Every one of these terms is a knob on your bill. The developers who control AI coding costs are fluent in this vocabulary: they know output dwarfs input, that history is resent, that caching and batching are the big discounts, and that only cost-per-completed-task compares models honestly. Bookmark this glossary, and put the concepts to work by modeling your real workload in our AI coding cost calculator.

Want to calculate exact costs for your project?

Frequently Asked Questions

What's the difference between input and output tokens?

Input tokens are everything you send — prompt, system message, files, and conversation history. Output tokens are everything the model generates. Output typically costs 3-6x more per token than input, so it dominates most bills.

What is prompt caching and why does it matter?

Prompt caching reuses an unchanged prefix (like a system prompt or file) across calls at a steep discount instead of paying full input price each time. It is the single biggest cost lever for agentic and multi-turn workloads where the same context repeats.

Why does conversation history increase costs?

Models are stateless, so your tool resends the entire prior conversation as input tokens on every new message. As the transcript grows, each turn hauls more history, making long conversations cost quadratically more.

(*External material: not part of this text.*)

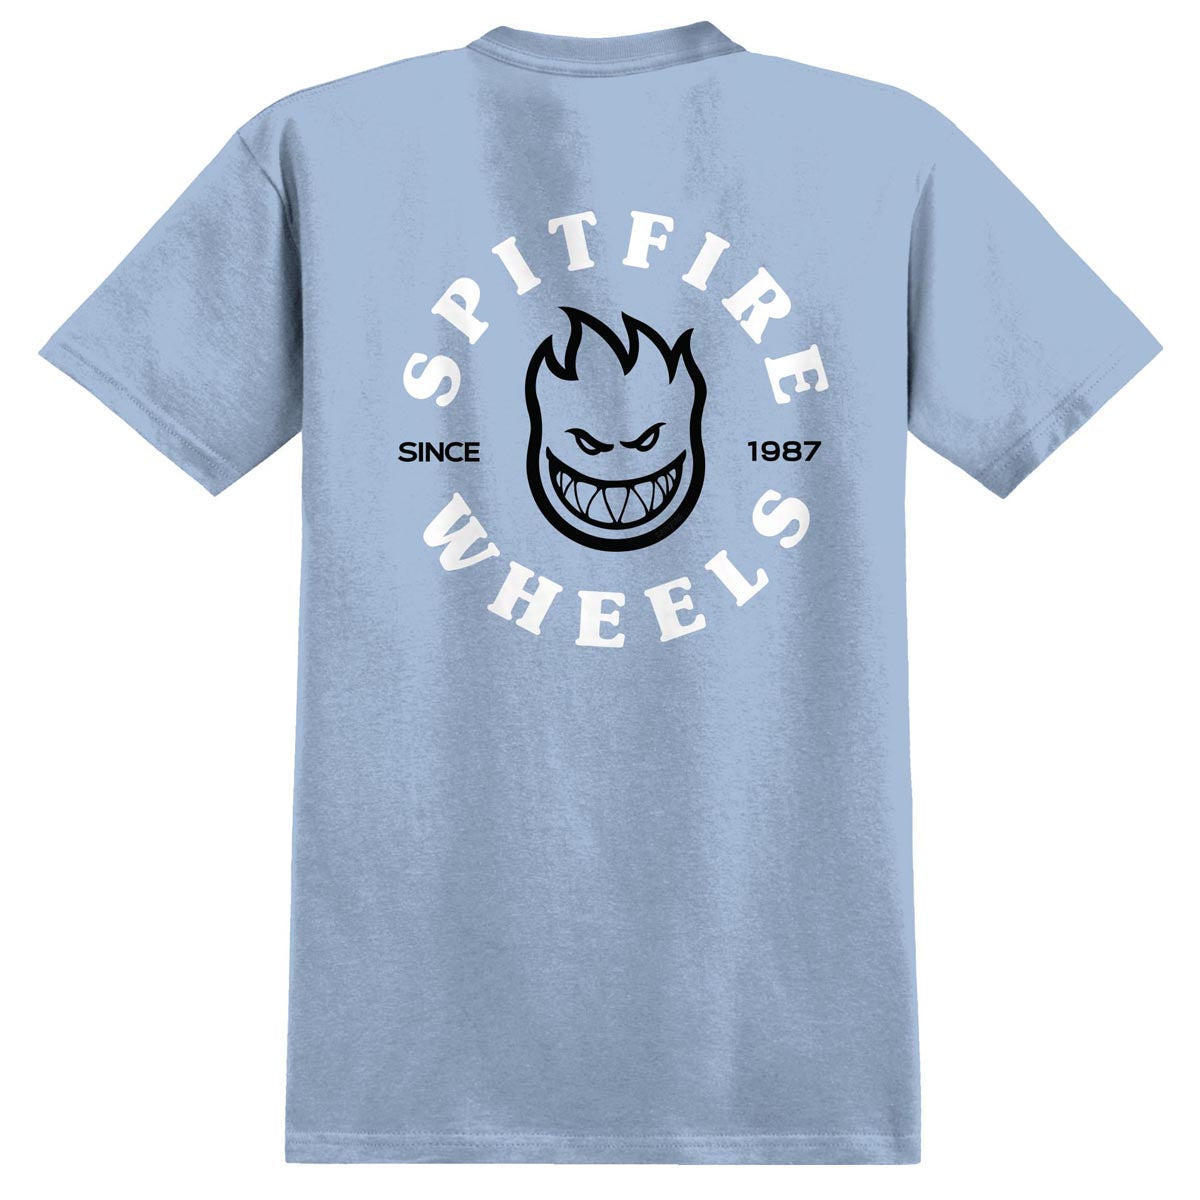 Spitfire Bighead Classic T-Shirt - Light Blue/Black/White image 2
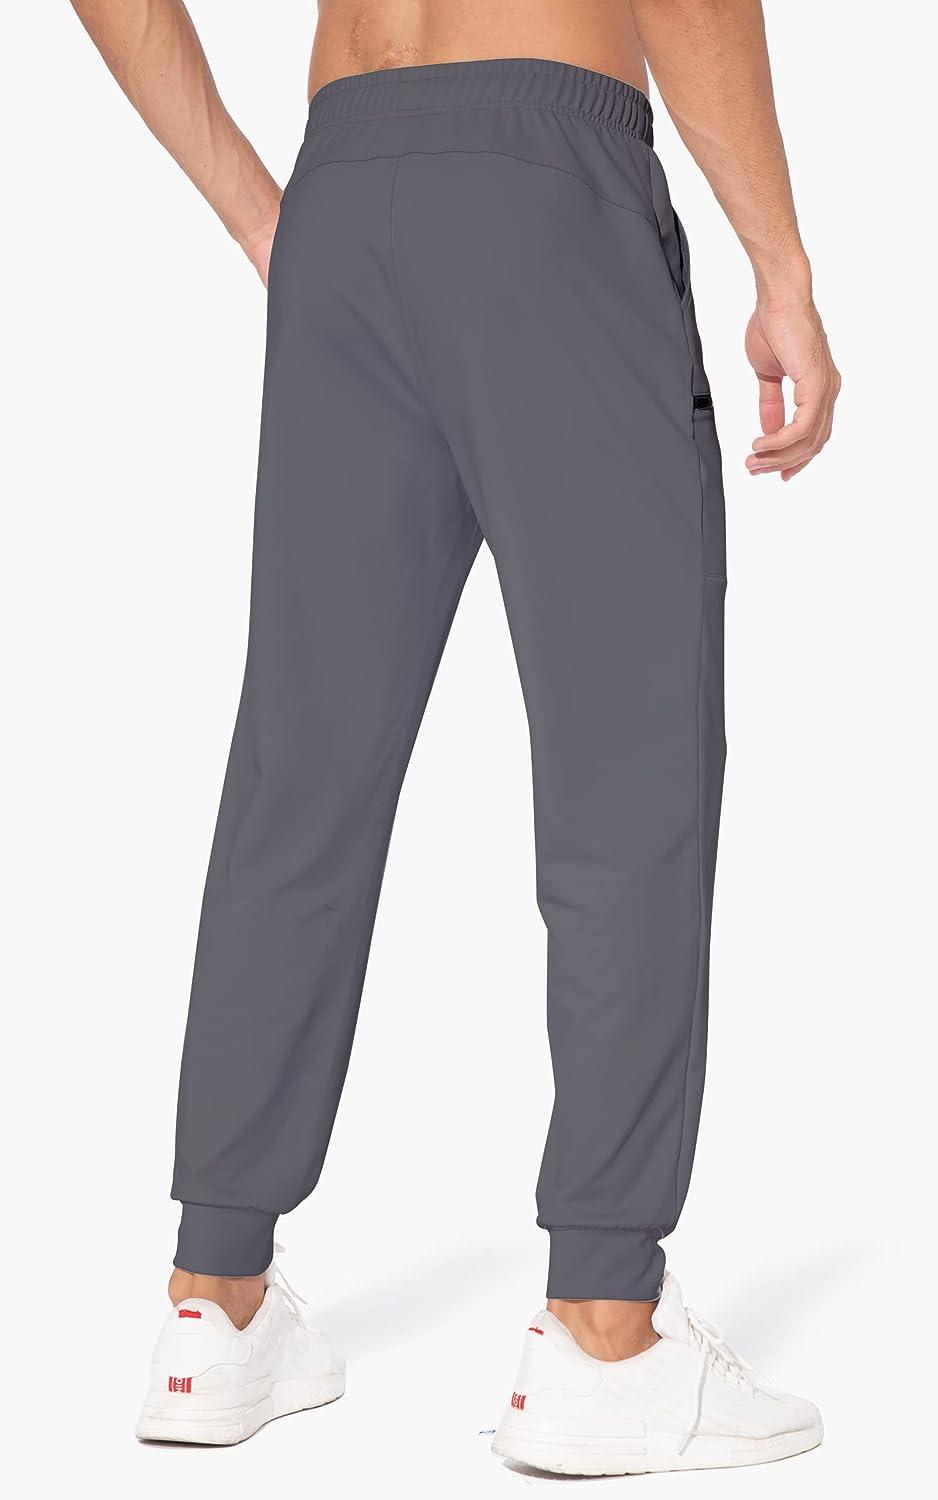 GetUSCart- Oalka Women's Joggers High Waist Yoga Pockets Sweatpants Sport  Workout Pants Light Grey M

What are reasoning or thinking tokens?

They are internal tokens some models generate before producing a visible answer. You are billed for them as output even though you never see them, and on hard problems they can be the largest part of the cost.

What is 'cost per completed task' and why is it the best metric?

It is total spend — including retries, history, and overhead — divided by successful outcomes. Unlike sticker price per token, it accounts for tokenizer efficiency, verbosity, and failure rates, making it the only fair way to compare models on real cost.